Il Piemonte è una regione in cui non è necessario il miracolo di trasformare l’acqua in vino. Perché se dalle Langhe e dal Monferrato arrivano alcune delle più pregiate etichette dell’enologia italiana, anche nel settore delle acque minerali la regione è tra le prime in Italia. Insieme rappresentano una parte consistente dell’export alimentare piemontese (1,3 miliardi di euro su un totale di 4,6 miliardi). Sull’estero è il vino a farla da padrone con i grandi rossi Barolo e Barbaresco e poi con l’Asti e il Moscato, di cui sono stati già venduti 60 milioni di bottiglie nei primi dieci mesi dell’anno.
Paolo Damilano è uno dei trait d’union tra il mondo del vino e quello dell’acqua. Barolista d’eccellenza nell’azienda di famiglia in Langa («anche per noi è l’estero a trainare con una buona crescita negli Stati Uniti dove abbiamo creato una nostra azienda di distribuzione») è anche proprietario della società Pontevecchio che produce due dei principali marchi di acque minerali piemontesi (Sparea, per il circuito Horeca e Valmora per la grande distribuzione): 350 milioni di bottiglie l’anno, 45 milioni di fatturato. Damilano aggiunge: «Stiamo lavorando molto anche con le private label, i marchi confezionati appositamente per la grande distribuzione a prezzi vantaggiosi».

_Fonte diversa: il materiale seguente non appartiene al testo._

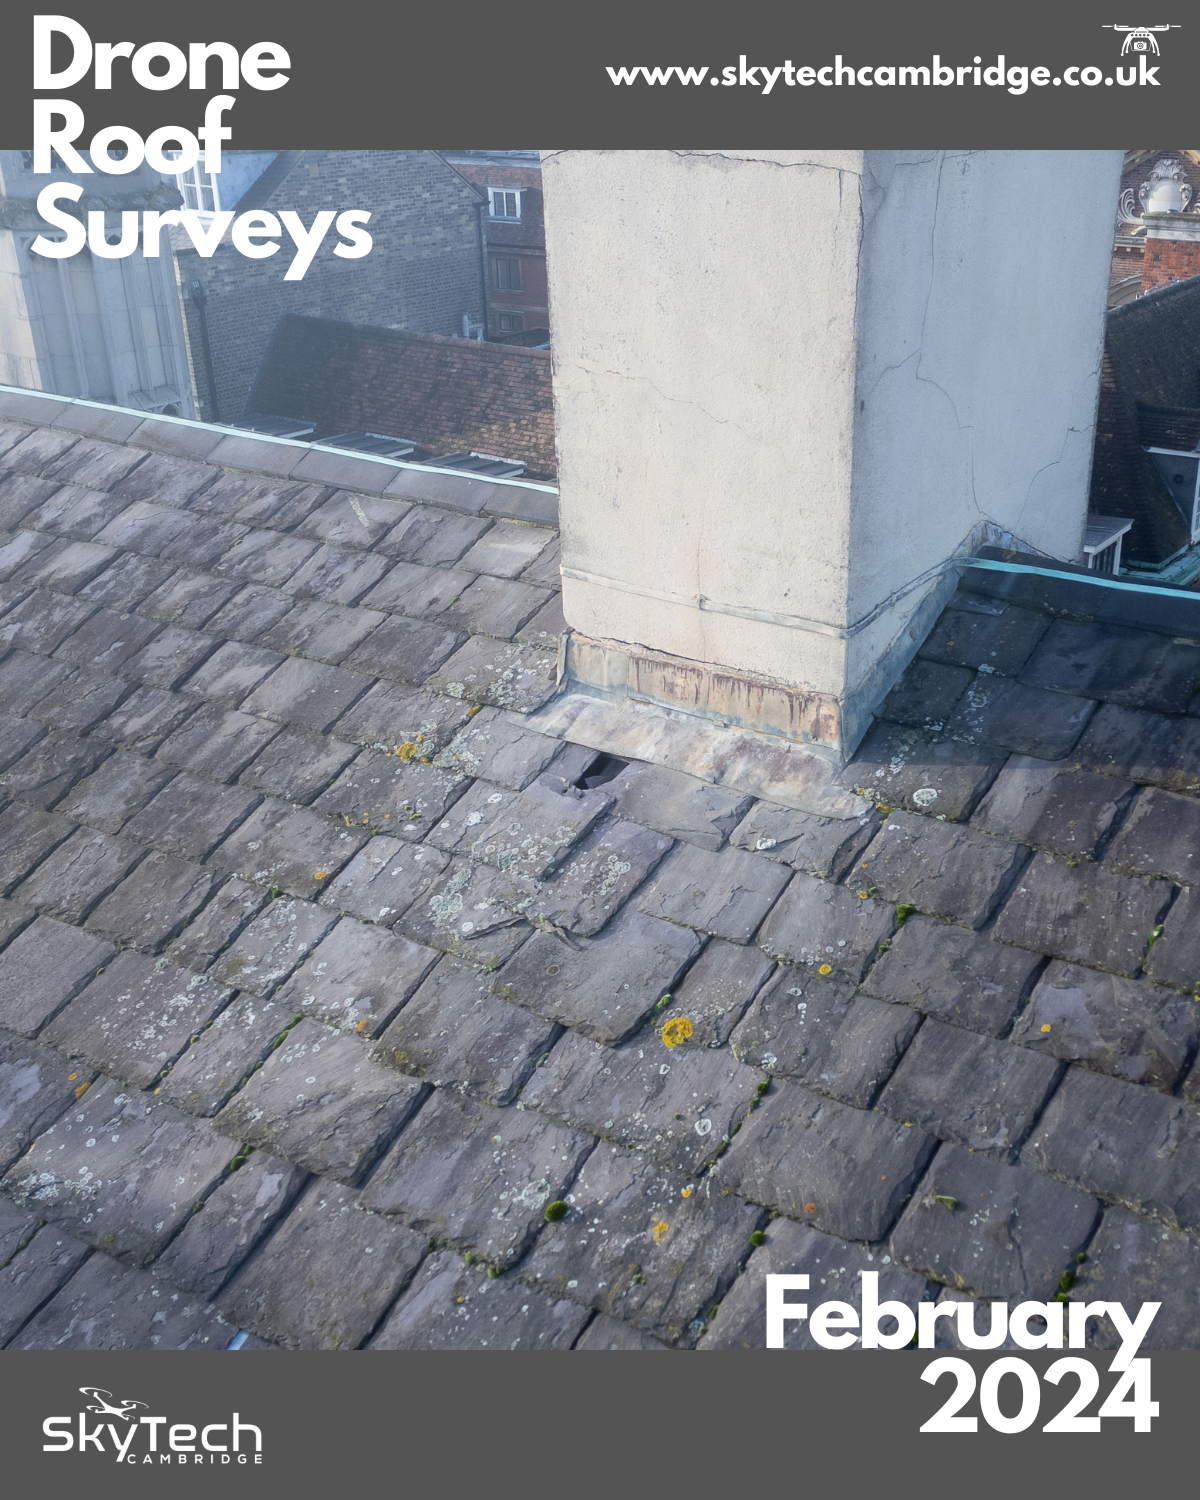 Missing roof tile captured with drone roof survey. The photo shows the underlying felt membrane.

Il colosso piemontese delle acque minerali è però la Sant’Anna del gruppo Bertone che raduna diversi marchi ed è leader in Italia : «Se il settore delle bibite e delle bevande in generale spiega Alberto Bertone – è in seria sofferenza, quello delle acque minerali è stabile. Certo la concorrenza è forte, giocata sulle promozioni continue, che noi però abbiamo abbandonato. I margini sono ormai ridotti e sempre di più si va verso una concentrazione perché la capacità di investimenti e innovazione chiesta per stare sul mercato sta soffocando le imprese più piccole».